The results clearly demonstrate the impact of improved keypoint detection on the final pose estimation. Using our enhanced model, the average error in calculating the solar panel tilt angle was reduced by 26.2%, and the average error in distance calculation was reduced by 20.1%, compared to using the baseline detector. The distance errors are within approximately 110 mm on average, and angle errors within 7 degrees on average, which is a significant precision level for guiding a robotic arm for deployment tasks. The maximum errors are also consistently lower with our model, indicating greater robustness.

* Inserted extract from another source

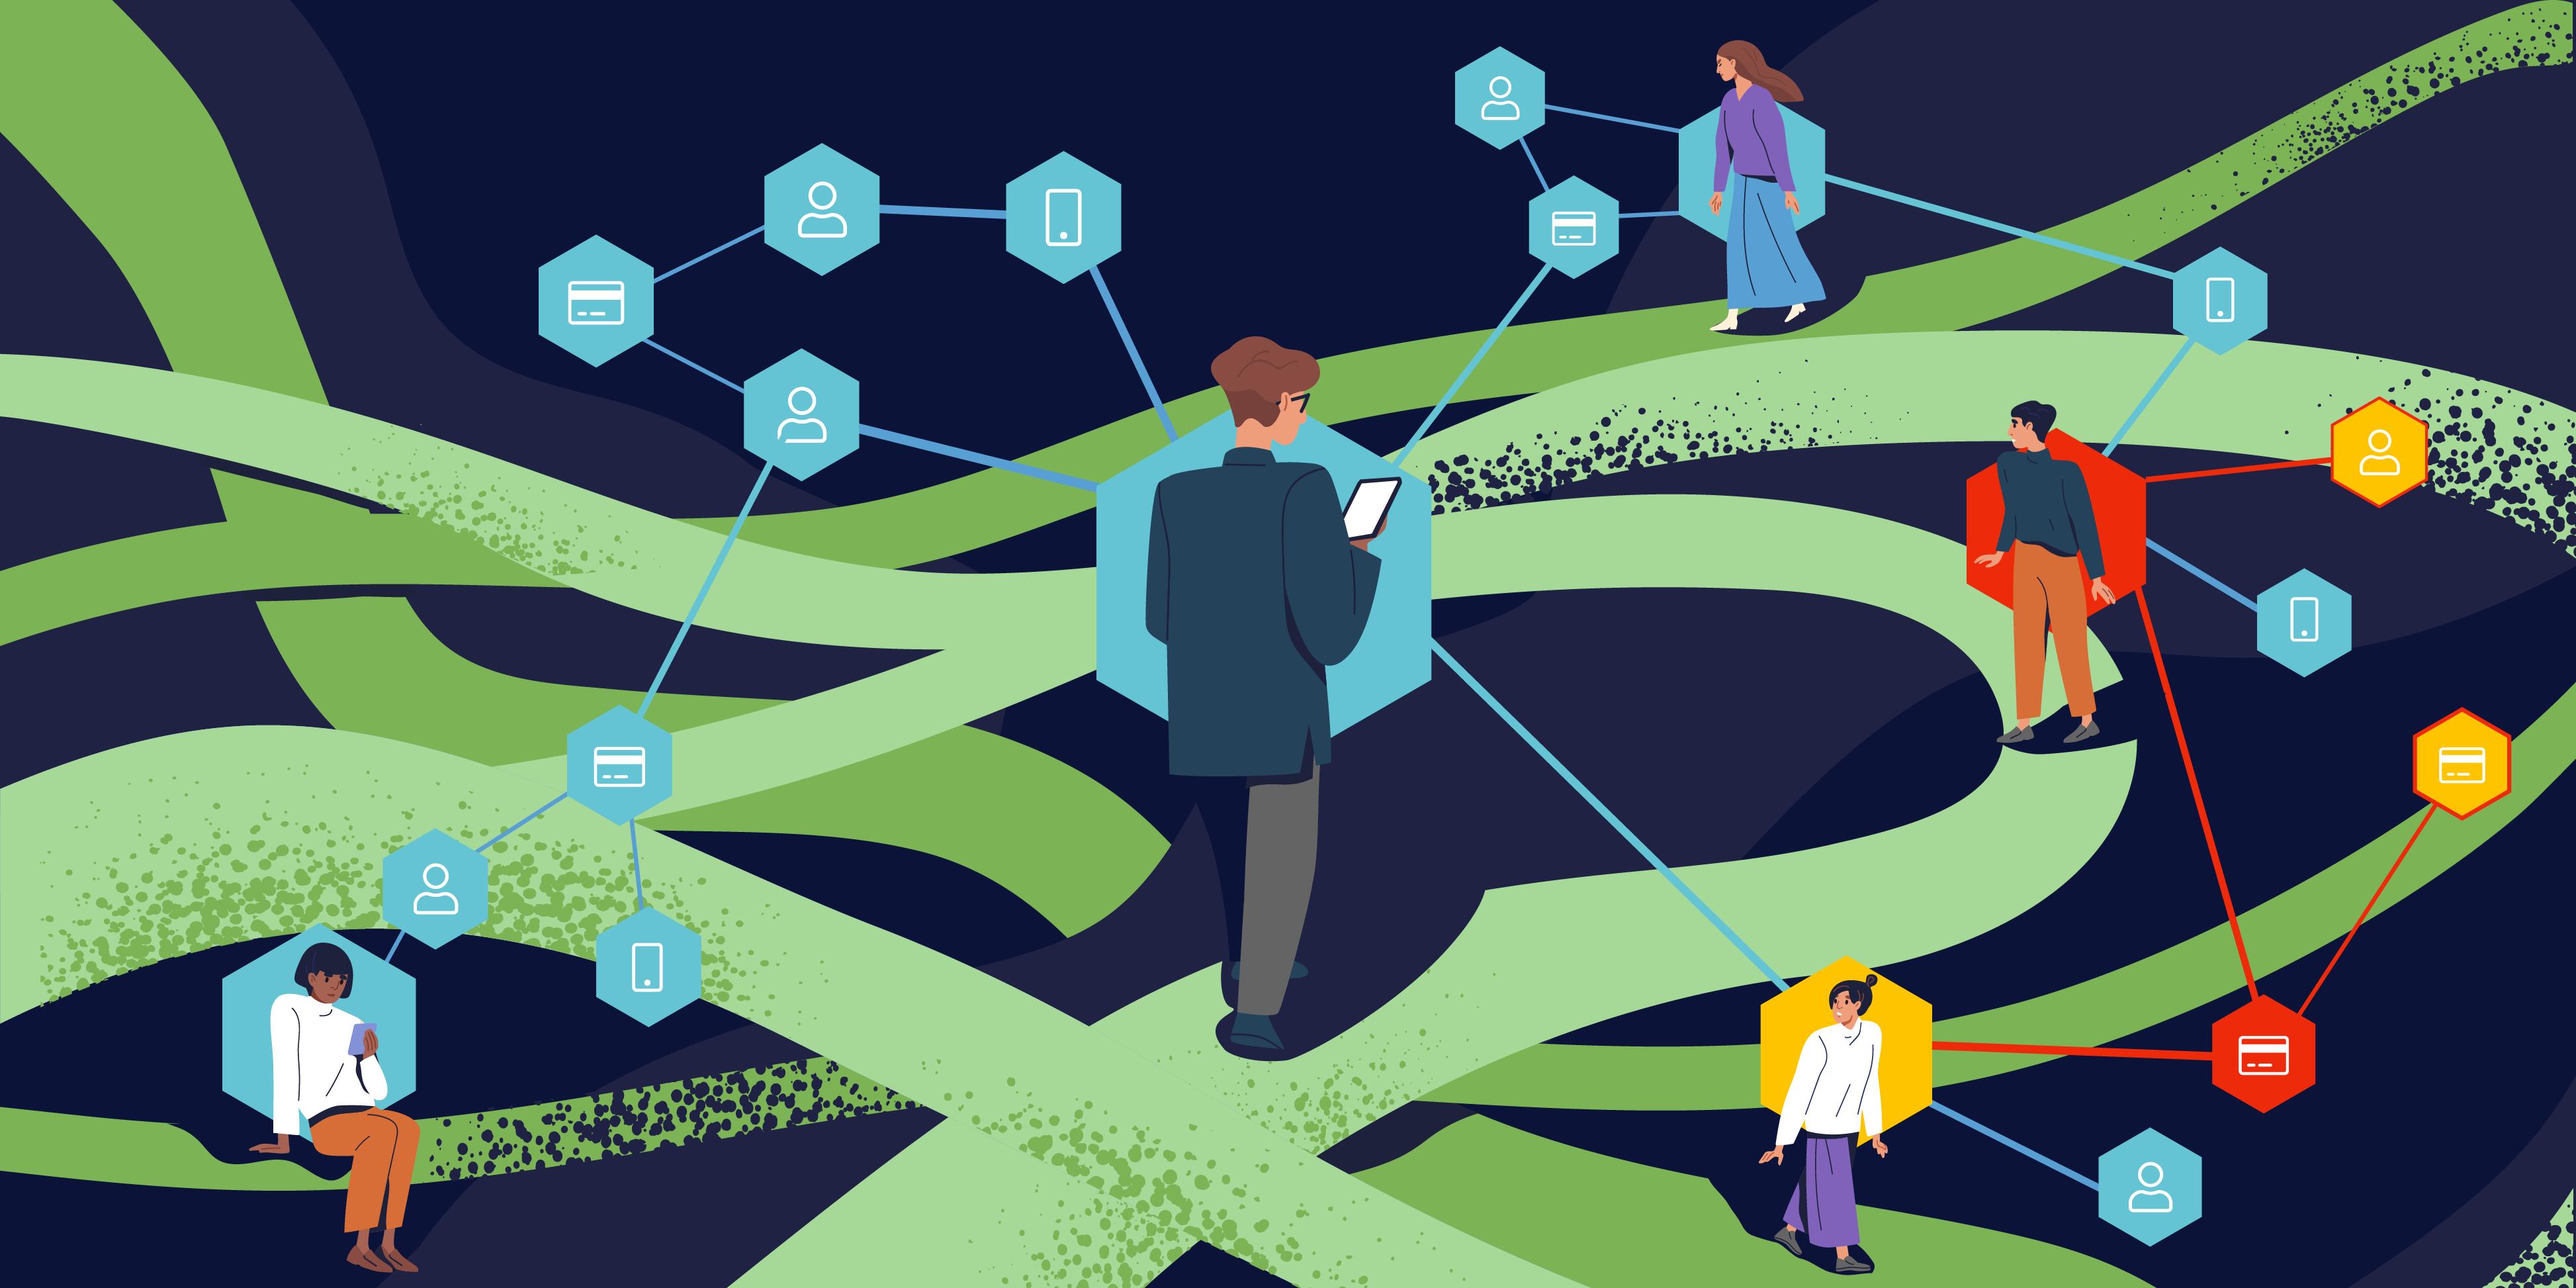 Illustration of Feedzai Genome visually detecting fraud

This work presents a complete visual localization pipeline for solar panels using a single monocular camera. The core of the method is a highly accurate and efficient keypoint detection network, built upon an improved YOLOv8-pose architecture. The integration of the PSA attention mechanism enhances feature discriminability, while the DySample upsampler and our proposed ADown* downsampler work in tandem to enable more precise multi-scale feature fusion essential for corner localization. The geometric calculation module effectively translates the 2D keypoint measurements into 3D pose parameters (tilt and distance) by leveraging known physical dimensions of the solar panel and basic camera geometry. Experimental results on a custom dataset confirm that our approach achieves state-of-the-art keypoint detection accuracy for solar panels and, consequently, provides significantly more reliable pose estimates than the baseline method. The system maintains real-time performance, making it a practical and effective solution for enabling autonomous operations like robotic cleaning in photovoltaic power stations. Future work could explore temporal filtering of poses across video frames to further smooth estimates, extend the method to handle partially occluded solar panels using more advanced keypoint association models, or adapt it to different panel geometries and mounting configurations.